Data – big or small – has tremendous potential for use (and misuse).  For example, using mobile apps to keep track of one’s own physical activity or caloric intake may empower individuals to improve their health.  Should other parties (e.g., that app’s developer, physician, employer, insurance company, online friends) be able to access the same information, and if so, under what conditions? As another example, expressing one’s own feelings and preferences on a social media platform may strengthen bonds within a professional community or a family group, expedite academic collaborations, and/or improve an individual’s sense of belonging.  However, may those same messages – freely expressed in a public domain – be re-purposed for a study of mental health trends or for marketing strategies; and if so – when/how/by whom, or why/why-not?  Questions like these touch on a host of ethical and legal issues that only recently began to be explored in depth, even as new norms of individual behavior, human interactions, and treatment of data are evolving.     

“Pervasive” data – a term used by data and social scientists to describe data left by users of social platforms and smart devices – is being utilized by a variety of stakeholders, but without any consensus on how or whether to seek users’ consent to such usage.  Some of the data are generated by human users intentionally (e.g., online comments), while other types of data are produced as a “by-product” of human activity (e.g., browser search history).  So how should this data be treated? Is capturing pervasive data a type of observational research conducted in a public space? Or are users who generate pervasive data human subjects? Is the use of pervasive data akin to a secondary analysis of established data? Is analyzing word choices in a work of literature different from analyzing online commentary?  The underlying fundamental questions – among many others – are what researchers at project PERVADE are examining.  The principal investigators (PIs) of PERVADE work across disciplines, come from several academic institutions, and are uniquely pursuing these questions in the social-science space.  The project started in the Fall of 2017 with the funding of the National Science Foundation, in response to a need for ethical clarity perceived by the growing community of social-science researchers relying on pervasive data.

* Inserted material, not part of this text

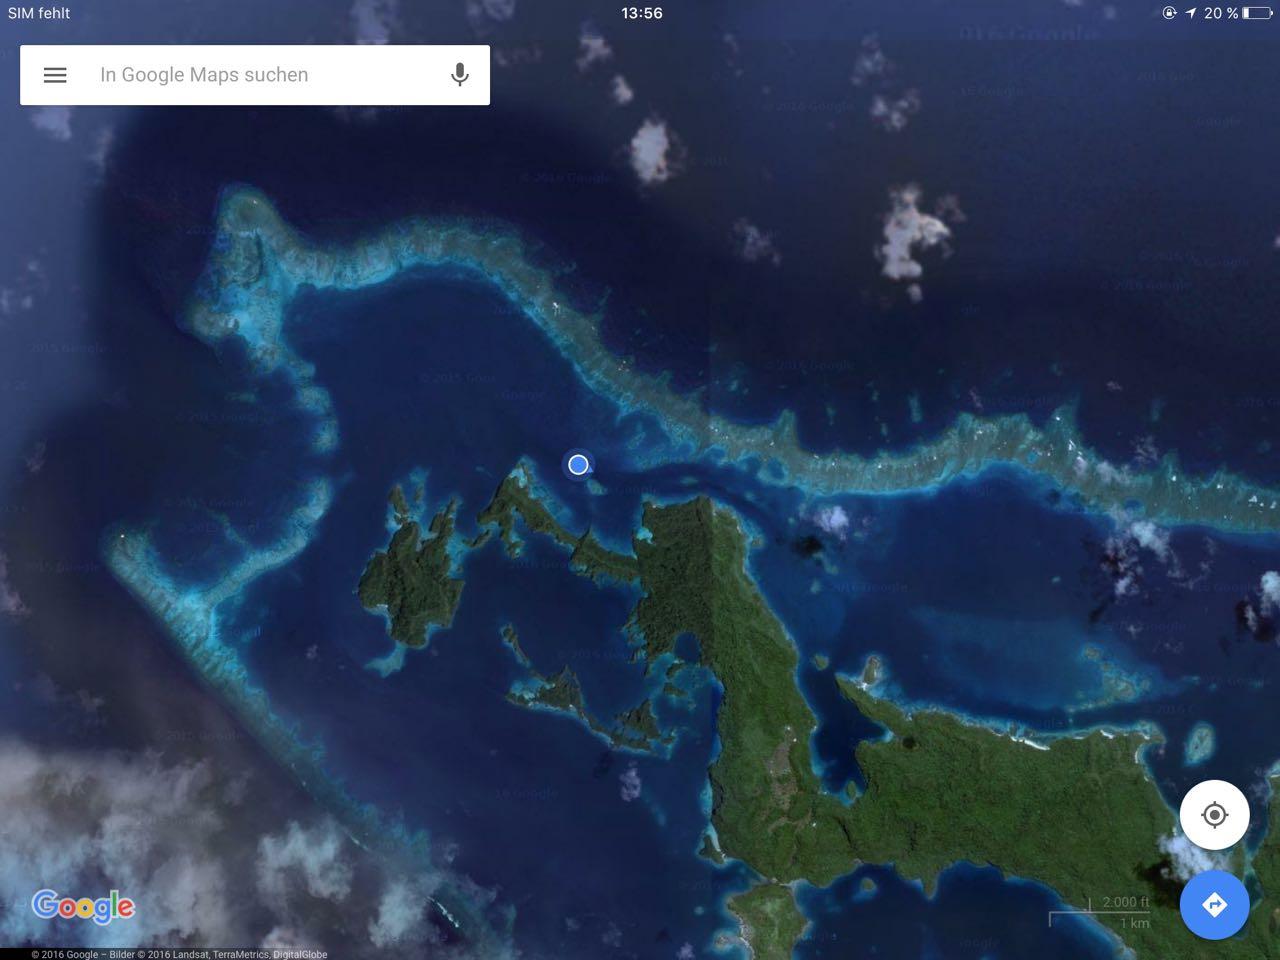 Google Maps Satellitenbild von der Ansteuerung von Vanuabalavu

According to PI Katie Shilton (Associate Professor, University of Maryland-College Park), PERVADE’s various subprojects and empirical outcomes could generate a fresh set of ethical guidelines or educational materials that would clarify for data scientists and others utilizing pervasive data how to ethically study people’s “digital footprints.” A “consensus code of ethics” could also subsequently stir up legal and regulatory activity, as was the case with the Common Rule.       

To accomplish its goals, PERVADE set out to explore several areas or subprojects, including:

  • The types of new data forms and types of data uses in scientific research.
  • Users’ attitudes towards their online and smart-device data being used in research.
  • Current regulatory structures and the extent to which it may be applicable to “digital research”.
  • Existing and emerging approaches to handling ethical questions by academia and various industry participants (e.g., online platform providers, smart device manufacturers, etc.).
  • Current corporate practices of collecting and using personal data.
  • The challenges of translating the legal complexities of online spaces for laymen users.

Some ethical principles and legal and regulatory guidelines already exist and somewhat apply to the challenges that pervasive data creates, but these resources are largely silent on this particular matter.  For example, in an interview with DBRonData, Nadia N. Sawicki (Professor of Law, Loyola University Chicago School of Law, not affiliated with PERVADE), pointed out that in the US, for health-related data, the Health Insurance Portability and Accountability Act (HIPAA), or the Institutional Review Boards (IRBs), or the more general US Federal Common Rule may offer some models for social-science researchers, but they are not broad enough in the types of data covered, and not detailed enough with respect to pervasive data.  Similarly, the forthcoming European General Data Protection Regulation (GDPR), which will apply to the data of European users, may be overly broad and will need to be interpreted for specific practical cases. Sawicki further commented that users’ own opinions on the use of pervasive data is a rich, original source of information that has seemingly gone untapped.

In a separate interview, Jordan Paradise (Professor of Law, Loyola University Chicago School of Law, not affiliated with PERVADE), expressed her view that the PERVADE project is “very timely as much of the ethical/legal/societal questions have gone unexamined”, even though the questions of ethics may have been addressed in the past within narrower fields, such as the Ethical, Legal and Societal Implications (ELSI) of the Human Genome Project, or the Neuroethics Division of the BRAIN initiative, or the Former Bioethics Commissions.

With the rise of pervasive data, the ethics of using ‘’big data’’ from digital health applications became the focus of a more recent network Connected and Open Research Ethics (CORE) hosted by the University of San Diego.  There are also academic groups looking at the ethics of using ‘‘small data’’ – i.e., data unintentionally left by users, and not limited to the health data – such as the Small Data Lab @ Cornell Tech.

All of the researchers interviewed by DBRonData stressed the value of a broad-based collaboration to explore the ethical issues, and saw much value in PERVADE and other communal efforts to develop a well-thought-out framework for ethical uses of digital information.